Congratulations to Katherine A. Hajjar, MD, Vice Chair for Research and Brine Family Professor of Cell and Developmental Biology in the Department of Pediatrics at Weill Cornell Medicine, on being awarded a grant by the United States Department of Defense to develop treatment for proliferative vitreoretinopathy, a potentially blinding disease that occurs in almost one-half of military personnel who sustain a penetrating wound to the eye.
Proliferative vitreoretinopathy (PVR) occurs in some patients who have had complicated eye surgeries. When there is a tear in the retina, cells inside the eye, known as RPE cells, that normally remain behind the retina, begin to proliferate, move away from their normal position, and migrate to the inner surface of the retina. Over time, these migratory cells form a scar-like membrane that pulls the remaining retina away from the back of the eye, severely compromising vision. PVR is increasing in frequency among military personnel due to the increasing use of explosive devices in modern combat. Unfortunately, however, there is no treatment for this devastating disease.

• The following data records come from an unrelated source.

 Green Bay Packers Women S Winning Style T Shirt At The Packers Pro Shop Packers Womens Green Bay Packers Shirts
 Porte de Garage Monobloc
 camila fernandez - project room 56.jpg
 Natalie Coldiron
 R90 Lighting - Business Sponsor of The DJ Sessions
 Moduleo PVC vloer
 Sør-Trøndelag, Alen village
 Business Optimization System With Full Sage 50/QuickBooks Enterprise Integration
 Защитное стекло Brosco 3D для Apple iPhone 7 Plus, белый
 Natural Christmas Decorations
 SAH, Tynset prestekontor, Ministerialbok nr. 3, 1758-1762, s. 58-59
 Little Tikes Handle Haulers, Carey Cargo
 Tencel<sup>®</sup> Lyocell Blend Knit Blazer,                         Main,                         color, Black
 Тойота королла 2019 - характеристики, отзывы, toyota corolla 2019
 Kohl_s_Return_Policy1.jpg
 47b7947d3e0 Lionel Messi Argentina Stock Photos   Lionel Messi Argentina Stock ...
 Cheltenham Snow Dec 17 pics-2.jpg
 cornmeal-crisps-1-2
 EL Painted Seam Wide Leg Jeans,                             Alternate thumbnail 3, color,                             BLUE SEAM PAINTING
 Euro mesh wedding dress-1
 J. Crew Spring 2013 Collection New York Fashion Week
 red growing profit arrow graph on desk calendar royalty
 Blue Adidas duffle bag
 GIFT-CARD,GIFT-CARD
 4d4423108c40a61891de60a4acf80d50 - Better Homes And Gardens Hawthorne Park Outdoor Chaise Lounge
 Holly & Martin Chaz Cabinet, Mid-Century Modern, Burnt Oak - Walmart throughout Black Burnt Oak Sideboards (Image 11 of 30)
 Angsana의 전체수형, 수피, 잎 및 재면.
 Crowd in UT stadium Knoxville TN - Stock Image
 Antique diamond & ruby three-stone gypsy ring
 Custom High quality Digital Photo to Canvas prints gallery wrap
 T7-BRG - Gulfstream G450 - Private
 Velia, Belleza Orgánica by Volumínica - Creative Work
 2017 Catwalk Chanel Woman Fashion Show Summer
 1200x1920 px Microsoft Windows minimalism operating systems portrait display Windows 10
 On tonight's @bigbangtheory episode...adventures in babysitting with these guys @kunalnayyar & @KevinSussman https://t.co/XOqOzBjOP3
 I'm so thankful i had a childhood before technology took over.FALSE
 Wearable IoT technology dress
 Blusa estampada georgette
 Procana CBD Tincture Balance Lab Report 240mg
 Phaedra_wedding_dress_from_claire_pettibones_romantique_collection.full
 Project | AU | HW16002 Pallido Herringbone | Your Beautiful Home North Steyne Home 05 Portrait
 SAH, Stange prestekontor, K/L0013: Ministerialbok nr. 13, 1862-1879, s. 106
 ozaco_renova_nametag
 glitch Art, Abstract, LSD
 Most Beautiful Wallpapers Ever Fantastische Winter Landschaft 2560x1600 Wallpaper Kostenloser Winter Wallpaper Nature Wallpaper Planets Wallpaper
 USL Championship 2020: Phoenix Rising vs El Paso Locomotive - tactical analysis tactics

The project entitled, "The Annexin A2 Pathway in Proliferative Vitreoretinopathy: A New Therapeutic Target" aims to develop a treatment for human PVR by testing the efficacy and safety of two newly developed antibodies in two animal models. In a previous study, Dr. Hajjar's team at Weill Cornell Medicine determined that a protein called annexin A2 allows RPE cells to abandon their normal position and migrate to the surface of the retina in response to injury. This healing-response-gone-wrong leads to the formation of damaging scar tissue. Additionally, the team showed that mice completely lacking a protein called annexin A2, a protein known to enable the migration of normally stationary cells, are resistant to experimental PVR; the study showed that mice lacking A2 had an over 90% reduction in damage to the eye. Their early results indicate that antibodies directed against A2 can prevent PVR in mice. For this project, Dr. Hajjar and team will determine whether blockade of A2 with two newly developed, even higher affinity, antibodies can prevent PVR in two animal models.
If anti-annexin A2 antibodies are effective and safe in this study, the team can then recruit an industrial partner to help conduct subsequent studies that would enable them to submit an application for Investigational New Drug (IND) status. Ultimately, this work could lead to a treatment to prevent PVR that could be given to military personnel or civilians shortly after injury, while arrangements for definitive surgical repair are being made. The team predicts that anti-A2 could be tested in human subjects within several years of completing this project. This pathway could lead to treatment that prevents development of PVR altogether, thereby eliminating the expensive and disheartening short- and long-term disability that it causes.